The future of socially distanced lung and heart health monitoring could lie in an inconspicuous yet incredibly sensitive microelectromechanical systems (MEMS) chip.
Scientists have developed a new health monitoring chip that is smaller than a ladybird, and which has an enormous detection bandwidth. The chip can monitor body motions, the sound of a heartbeat, pulse waves traversing body tissues, respiration rate and lung sounds.
The core mechanism of the chip, developed by researchers at the Georgia Institute of Technology, involves two finely manufactured layers of silicon, which overlay each other separated by the space of 270 nanometres – about 0.005 the width of a human hair – and carry a minute voltage.
The research was published the journal npj Digital Medicine and was funded by the Georgia Research Alliance, the Defense Advanced Research Projects Agency (DARPA), the National Science Foundation, and the National Institutes of Health. Study co-author Divya Gupta, a cardiologist at Emory University, collaborated in testing the chip on human participants.
How does the chip work?
Readable electronic outputs are created by the chip through vibrations stemming from bodily motions and sounds, which put the chip into flux and make the voltage flux. In human testing, the chip has recorded a variety of signals from the mechanical workings of the lungs and the heart with clarity, signals that often escape meaningful detection by current medical technology.
Farrokh Ayazi, Ken Byers Professor in Georgia Tech’s School of Electrical and Computer Engineering, said: “Right now, medicine looks to EKGs (electrocardiograms) for information on the heart, but EKGs only measure electrical impulses.

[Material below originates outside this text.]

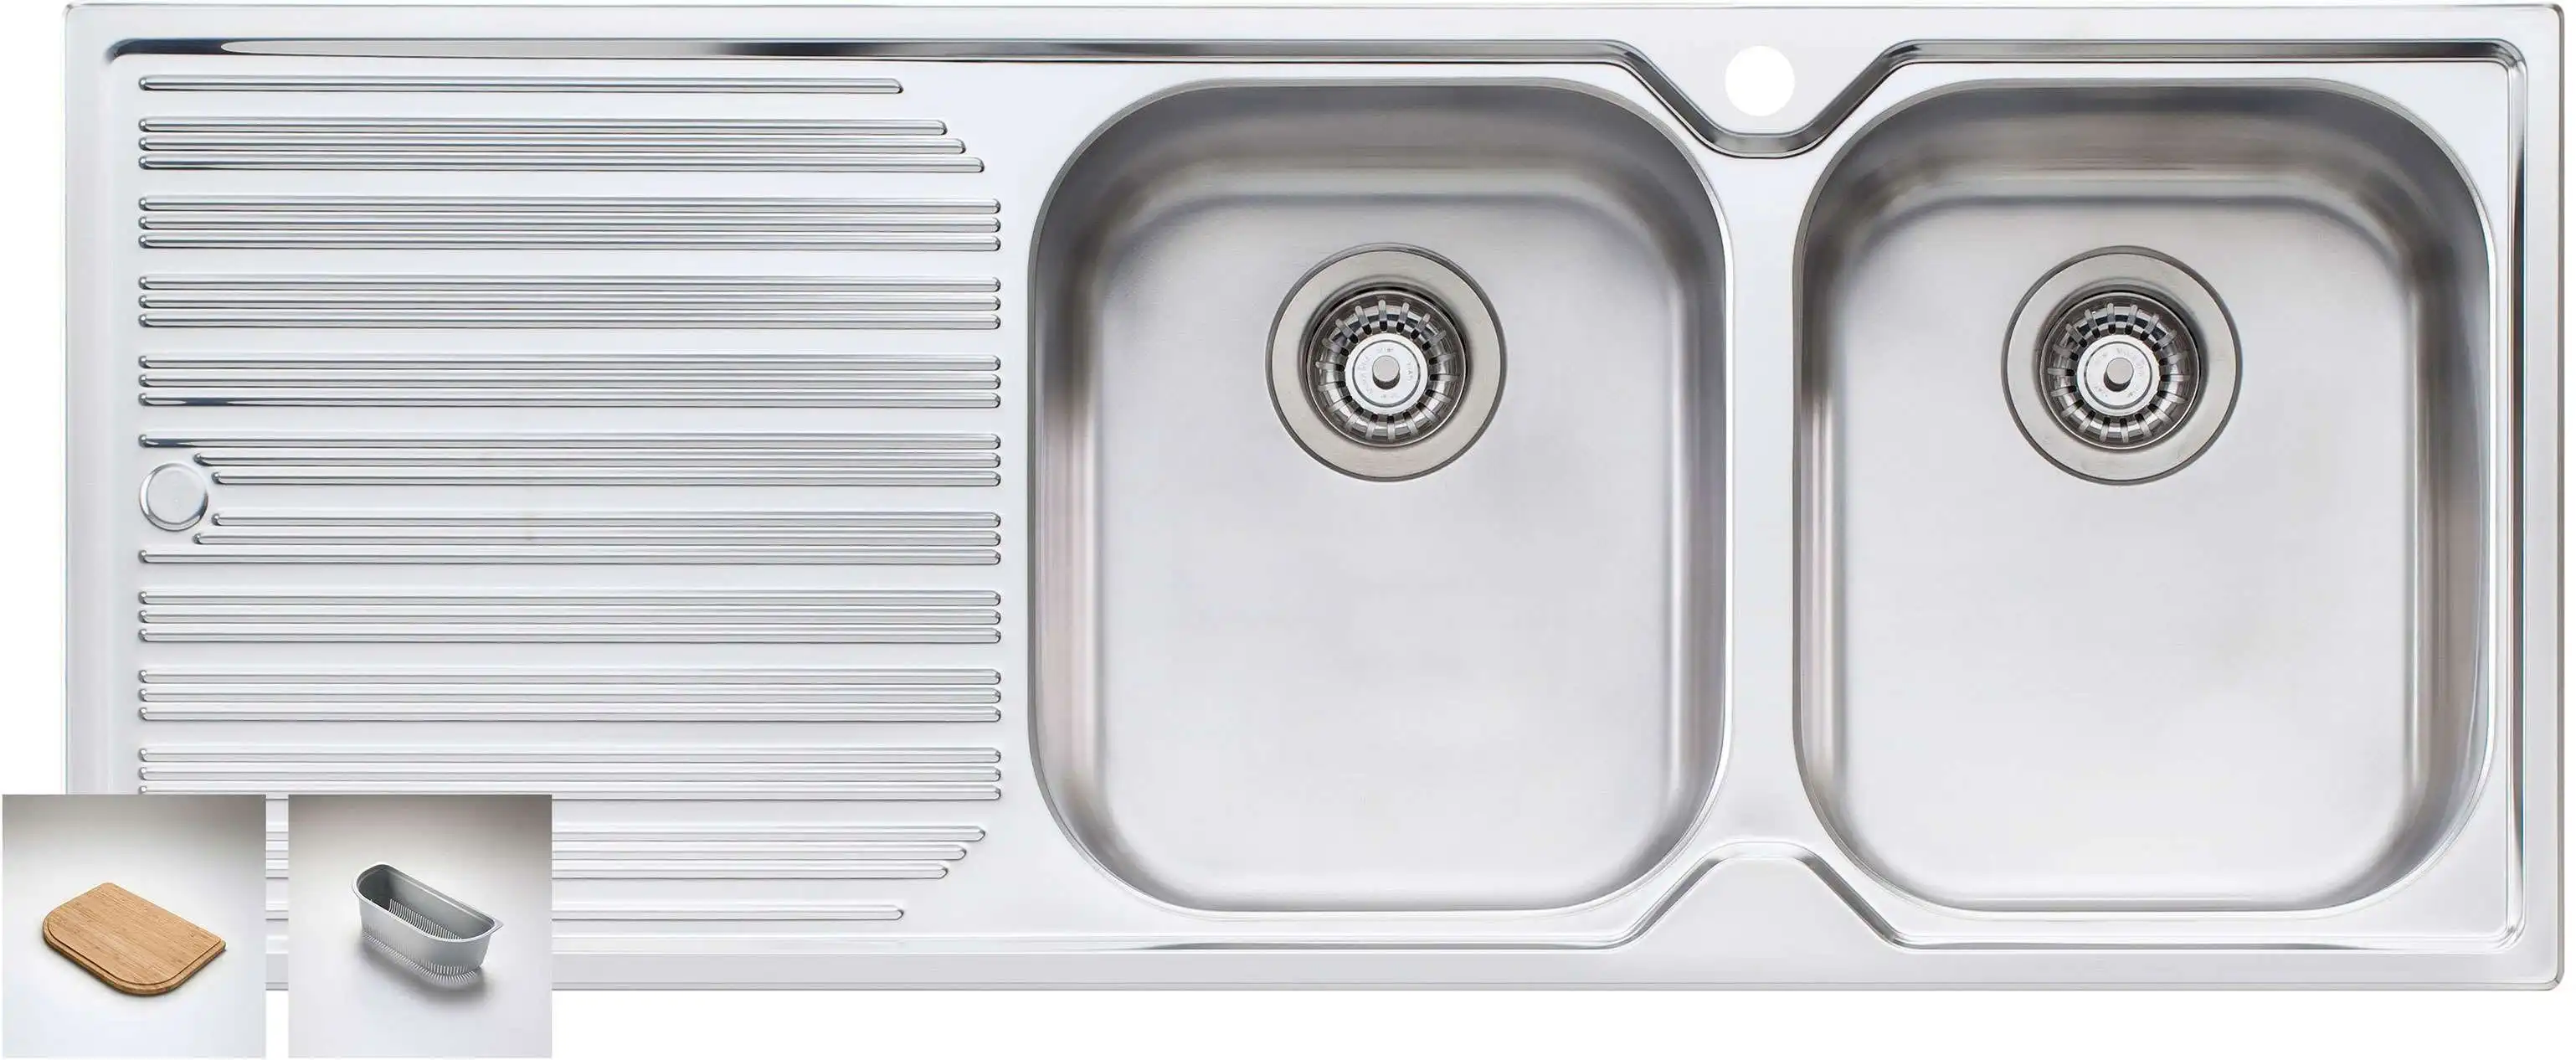 Oliveri Diaz Double Right Hand Bowl Inset Sink With Drainer DZ172

“The heart is a mechanical system with muscles pumping and valves opening and shutting, and it sends out a signature of sounds and motions, which an EKG does not detect. EKGs also say nothing about lung function.”

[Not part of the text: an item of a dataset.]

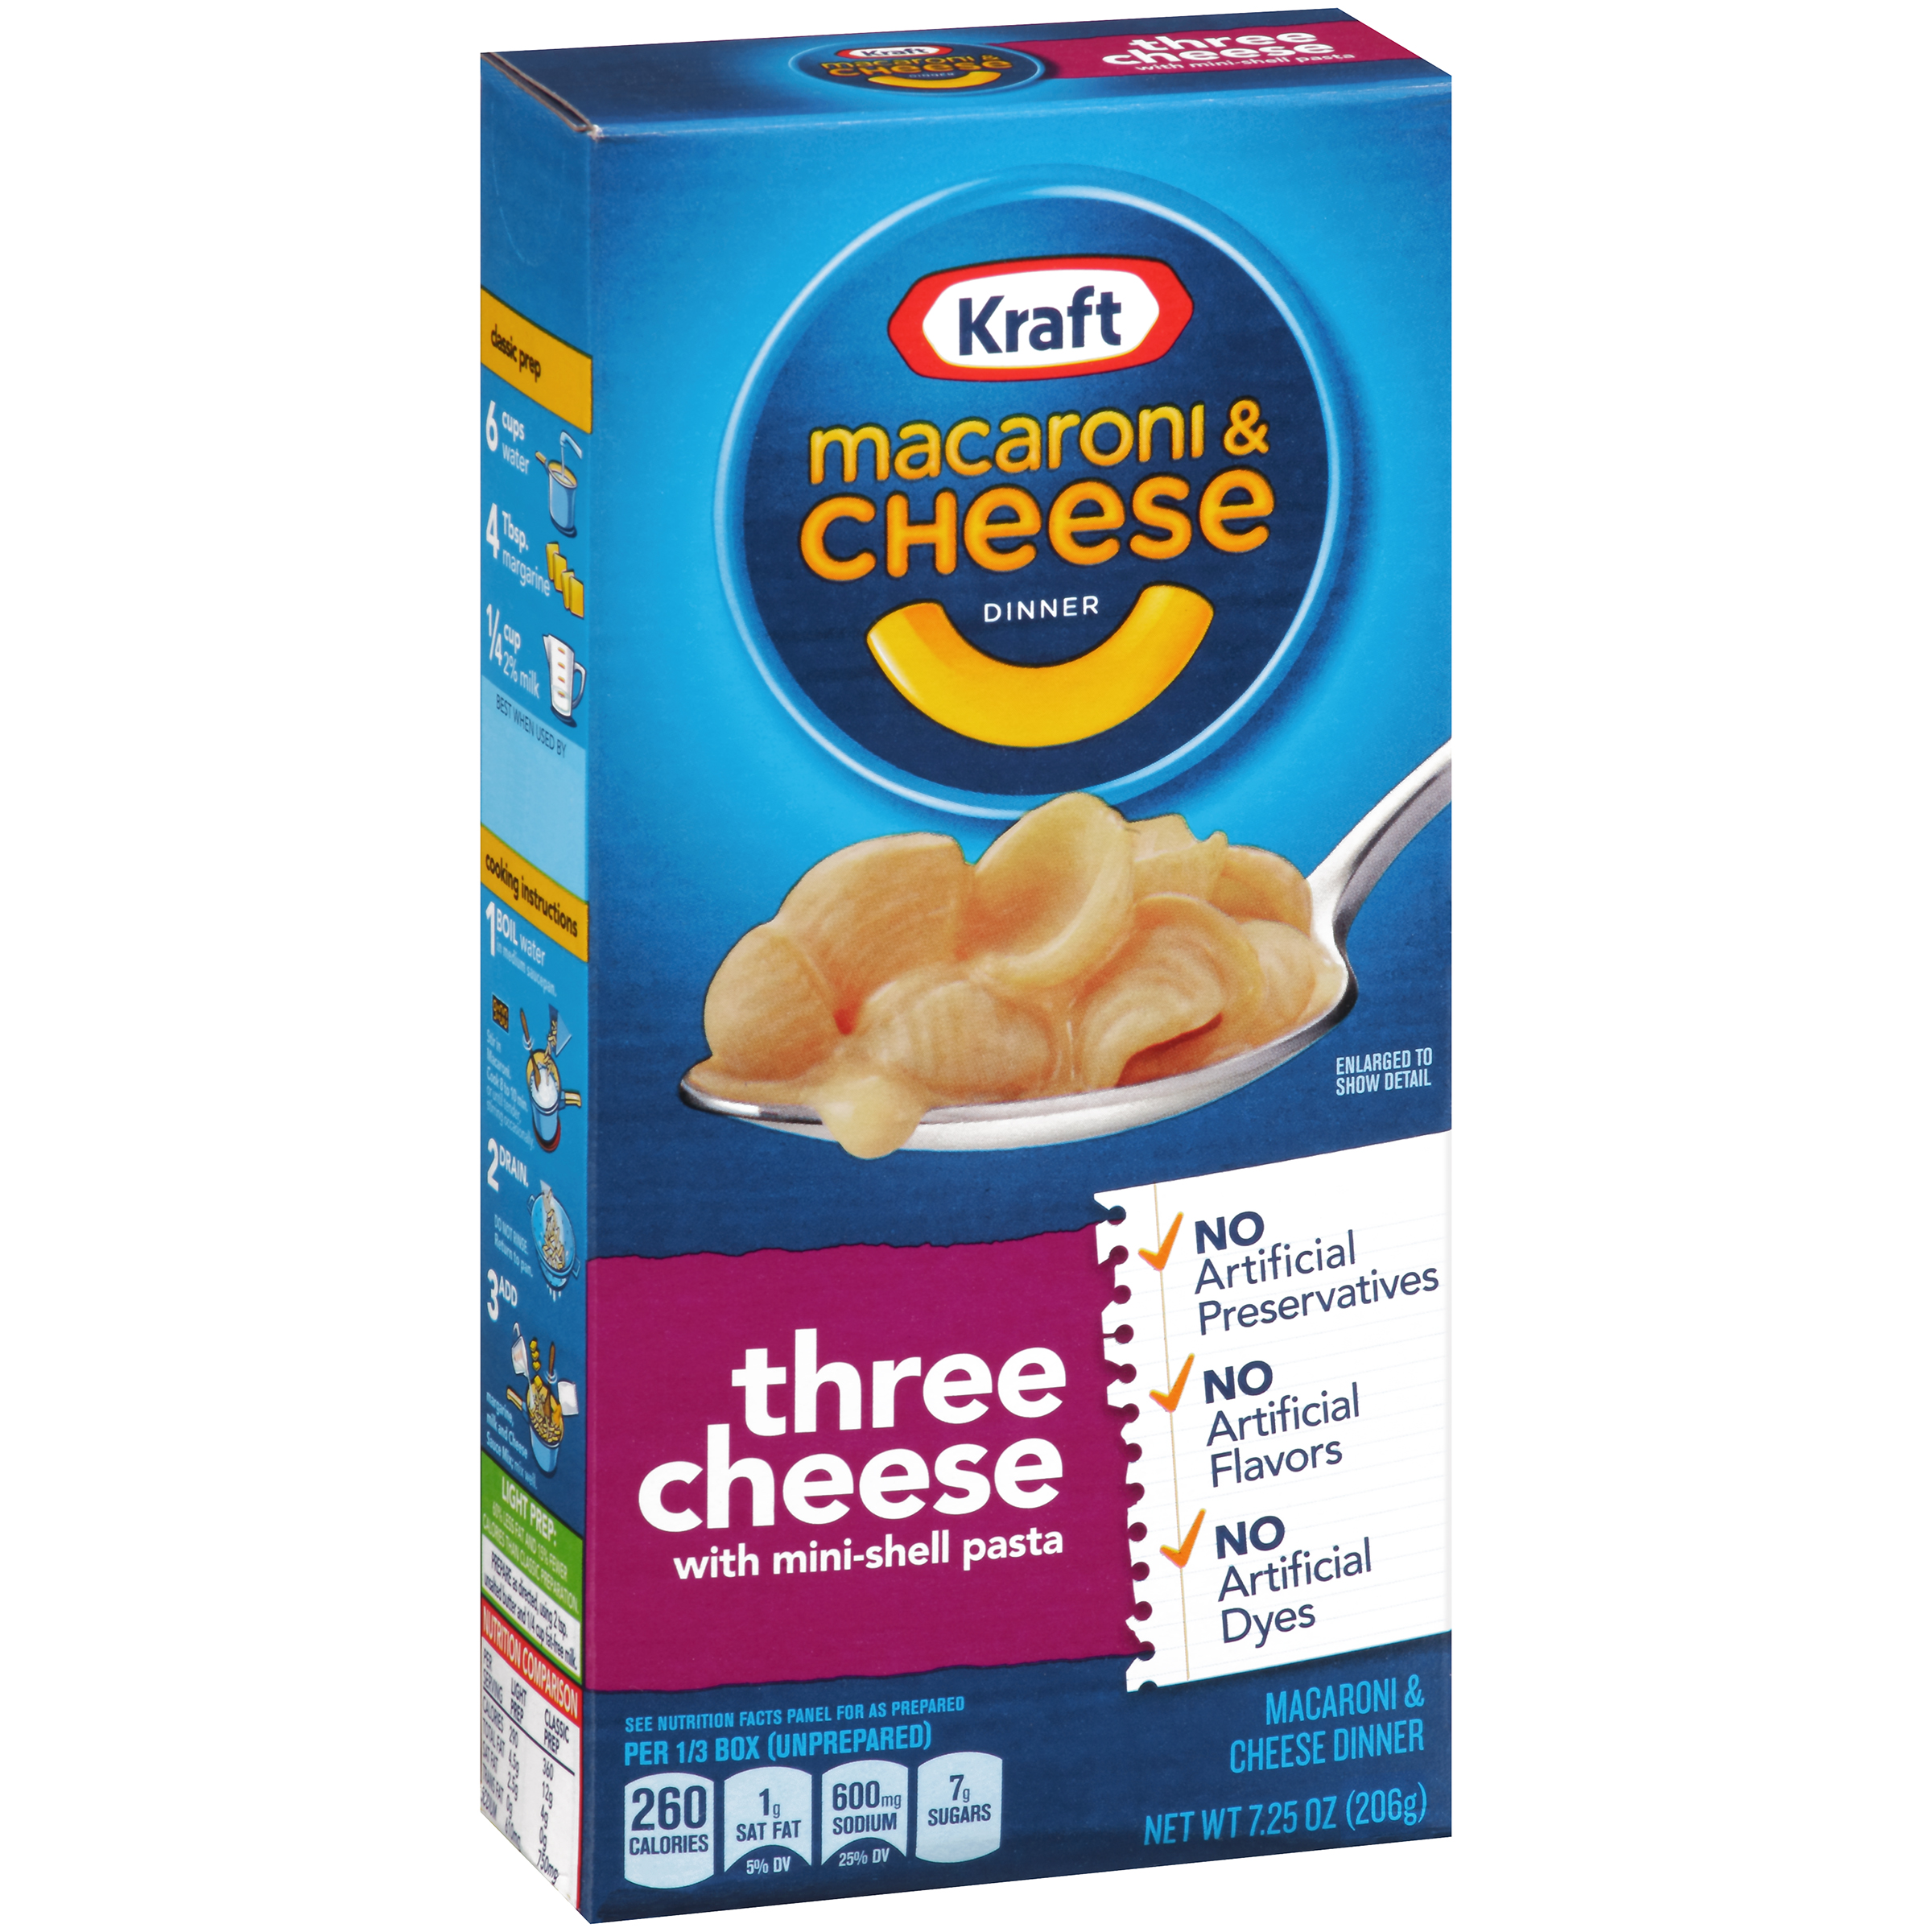 instant pot kraft macaroni and cheese

The chip acts as an advanced electronic stethoscope and accelerometer in one and is aptly called an ‘accelerometer contact microphone’. It detects vibrations that enter the chip from inside the body while keeping out distracting noise from outside the body’s core like airborne sounds.

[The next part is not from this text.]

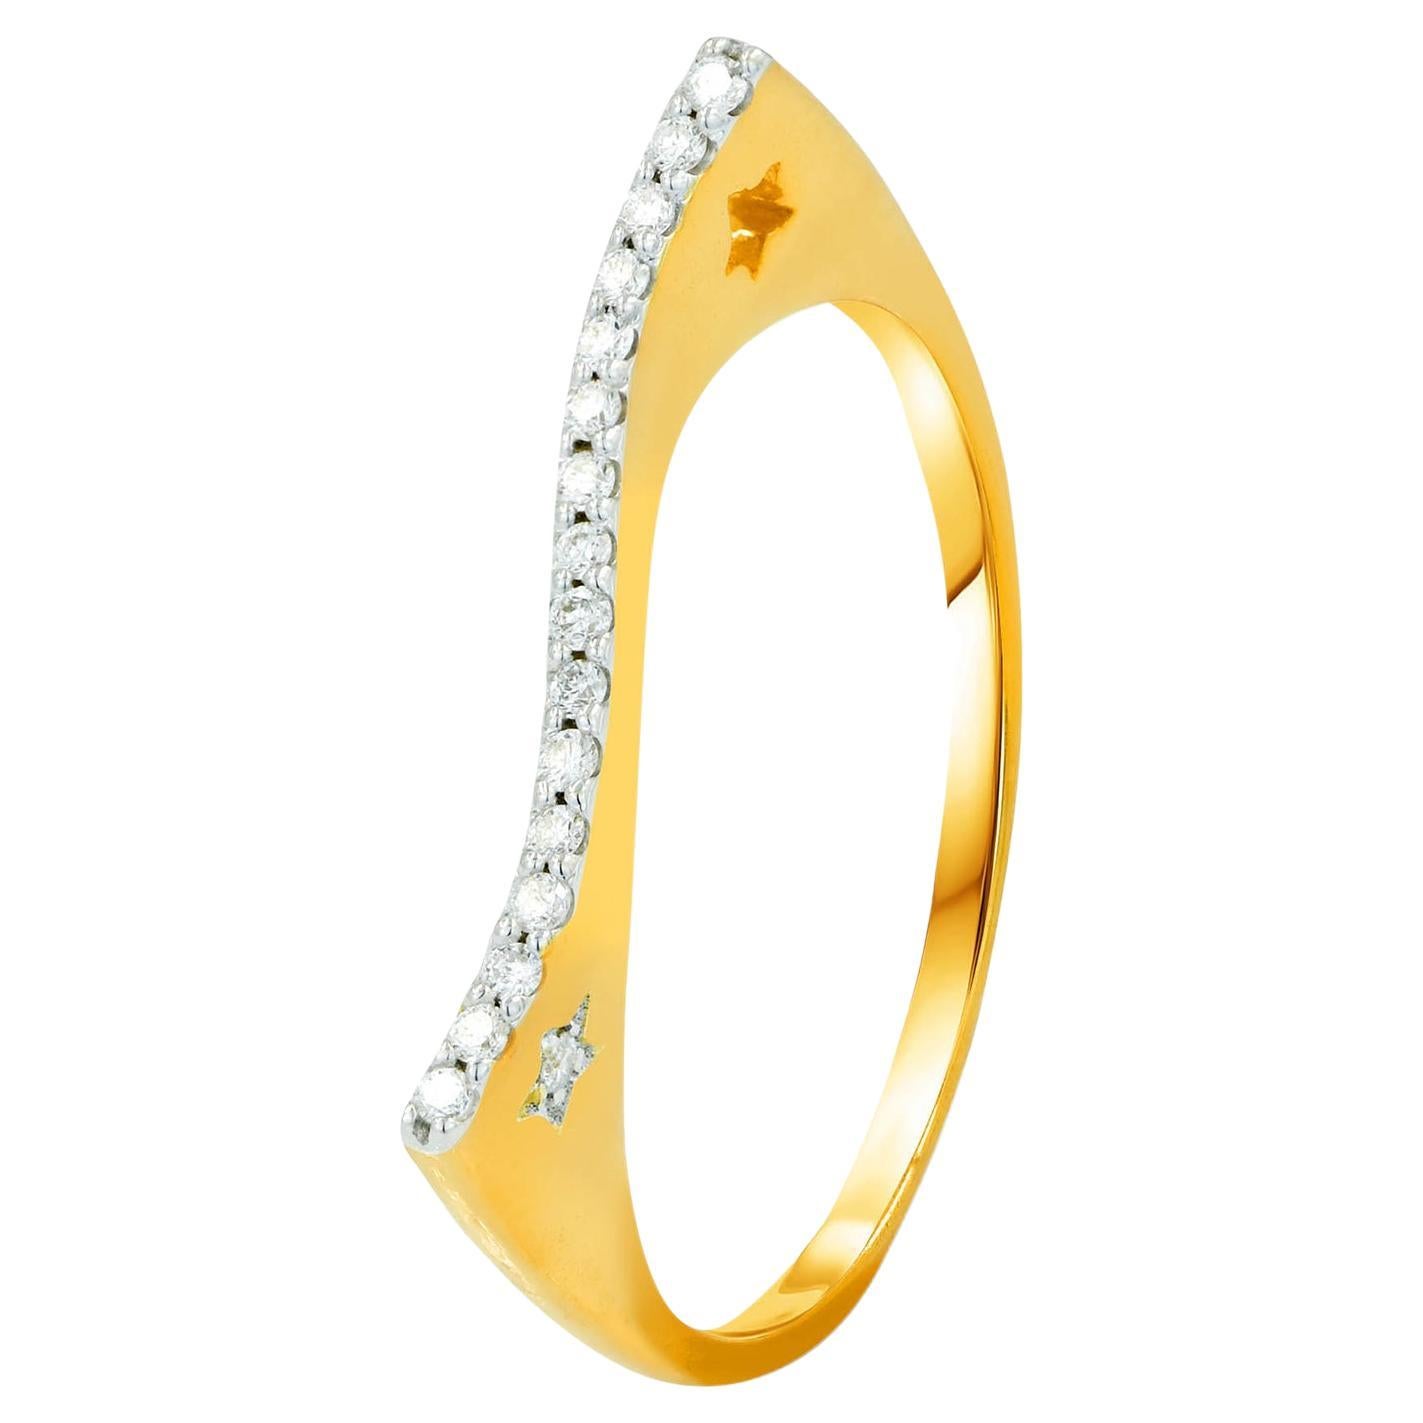 For Sale:  18k Gold Diamond Ring Curved Diamond Ring Thin Minimalist Statement Ring

The signals from the body are recorded in sync, potentially offering the big picture of a patient’s heart and lung health. For the study, the researchers successfully recorded a ‘gallop’, a faint third sound after the ‘lub-dub’ of the heartbeat – which are normally elusive clues of heart failure.
Algorithms for clinical readings
Medical research to date has been largely inconsistent regarding health monitoring, and has relied upon clinician skills influenced by human error. The new chip produces high-resolution, quantified data that future research could match to pathologies in order to identify them.
Though the chip’s main engineering principle is simple, making it work and then manufacturable took Ayazi’s lab ten years, mainly because of the minuscule scale of the gap between the silicon layers.
Ayazi said: “We are working already to collect significantly more data matched with pathologies. We envision algorithms in the future that may enable a broad array of clinical readings.
“That very thin gap separating the two electrodes cannot have any contact, not even by forces in the air in between the layers, so the whole sensor is hermetically sealed inside a vacuum cavity. This makes for that ultralow signal noise and breadth of bandwidth that are unique.”